SWB made significant progress during his 20 PT sessions each lasting 45 minutes in duration. In total, he received approximately 16 hours of PT. In the massed practice studies review, subjects received 30 to 60 hours of PT over a 2-week period. SWB received approximately 9 hours of PT in a 2-week period. Progress toward the end of his treatment slowed considerably as the frequency of his visits decreased to 1 visit/week. This was compounded by what appeared to be depression. The requested medical interventions were not received to address his spasticity and depression. In addition, at some point during the 20 visits SWB was denied the opportunity to practice ambulation on the stairs.
Page and colleagues investigated the feasibility of CIT for the UE from a patient and clinician perspective [14]. In 68% of the 208 patients surveyed, patients identified concerns with the time constraints of CIT’s practice schedule and the restriction of the unaffected UE. In addition, therapists identified problems with the logistics of safety, compliance, and clinical resources necessary with CIT [14]. Subsequently, a less aggressive approach to providing CIT was developed and investigated by Page and colleagues for the UE [15]. A modified CIT (mCIT) protocol was investigated in which participants had 0.5 hours of PT on 3 days/week and used the more affected limb 5 hours/day, 5 days/week, over a 10-week period. Thirtyfive subjects who had chronic stroke showed improvement in arm function with mCIT. The authors concluded the, “magnitude of changes was consistent with those reported in more intense protocols, such as CIT” (p. 333). This reduction in time for CIT, from 6 hours/day to 0.5 hours a day in mCIT may be analogous to LE massed practice research protocols to clinical practice [15].

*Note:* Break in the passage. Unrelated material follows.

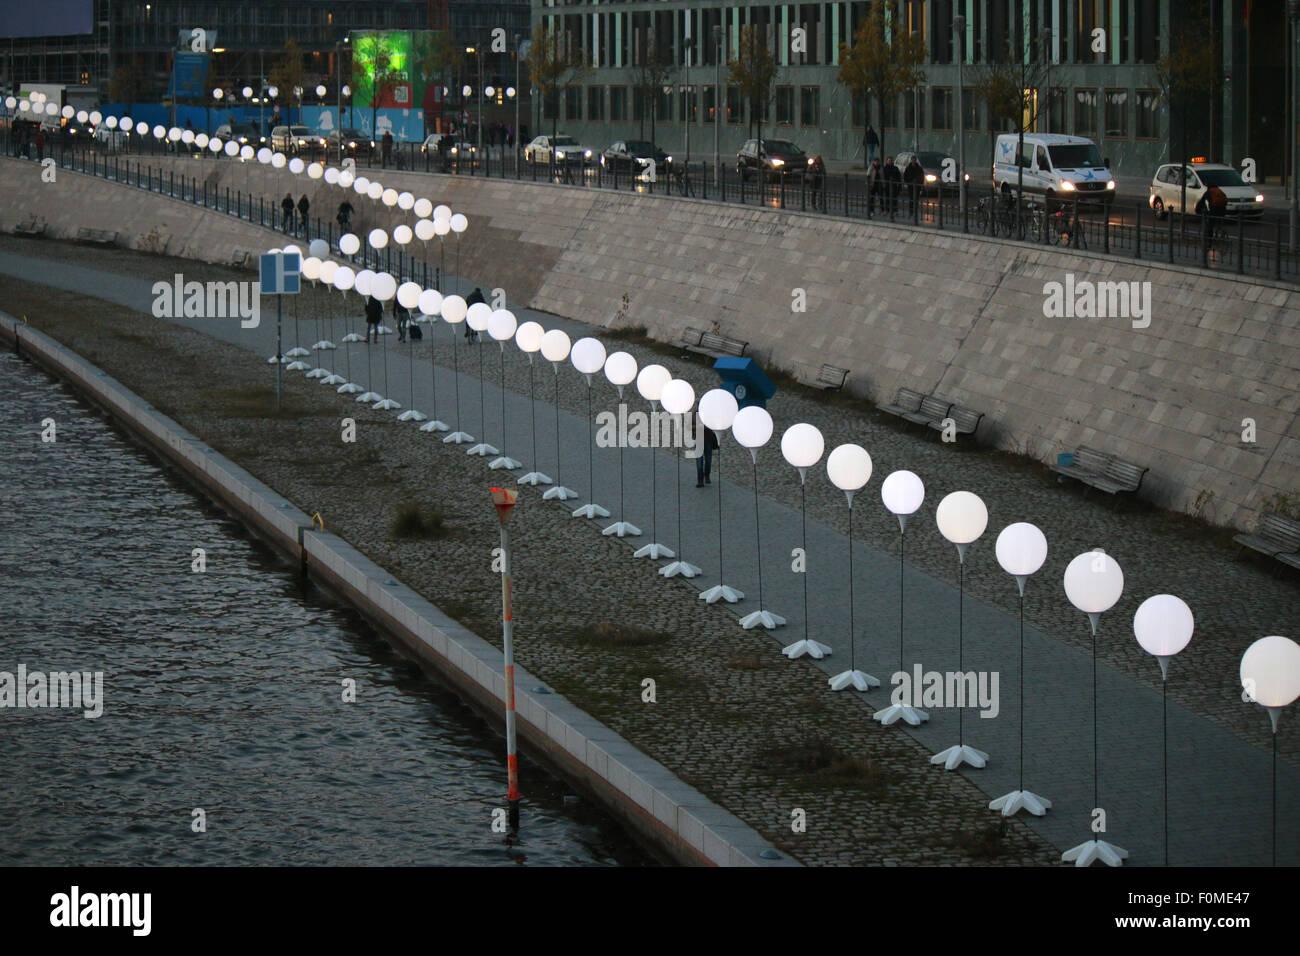 aufgestellte Ballons fuer die Licht-Installation 'Lichtgrenze' vor dem 25 jaehrigen Jubilaeum des Mauerfalls, - Stock Image

At the time of discharge from PT, SWB was able to ambulate 10 minutes continuously on level surfaces using a small based quad cane and air cast for his ankle. He was able to ascend and descend 24 steps using a handrail and alternating legs. He was able to reach forward 8” in standing, measured via manila folder. His L UE range of motion remained limited but he was able to perform a gross grasp and release of large objects. If his spasticity could have been medically managed and his services provided on a daily basis or for additional visits, further progress may have been attained. In summary, employing a massed practice paradigm appears to have optimized SWB’s PT sessions. Research has show mCIT is effective in making positive changes with a less intense program for the UE. Perhaps future research will show massed practice for the LE of 45 minutes will be effective in improving outcomes similar to the LE massed practice research.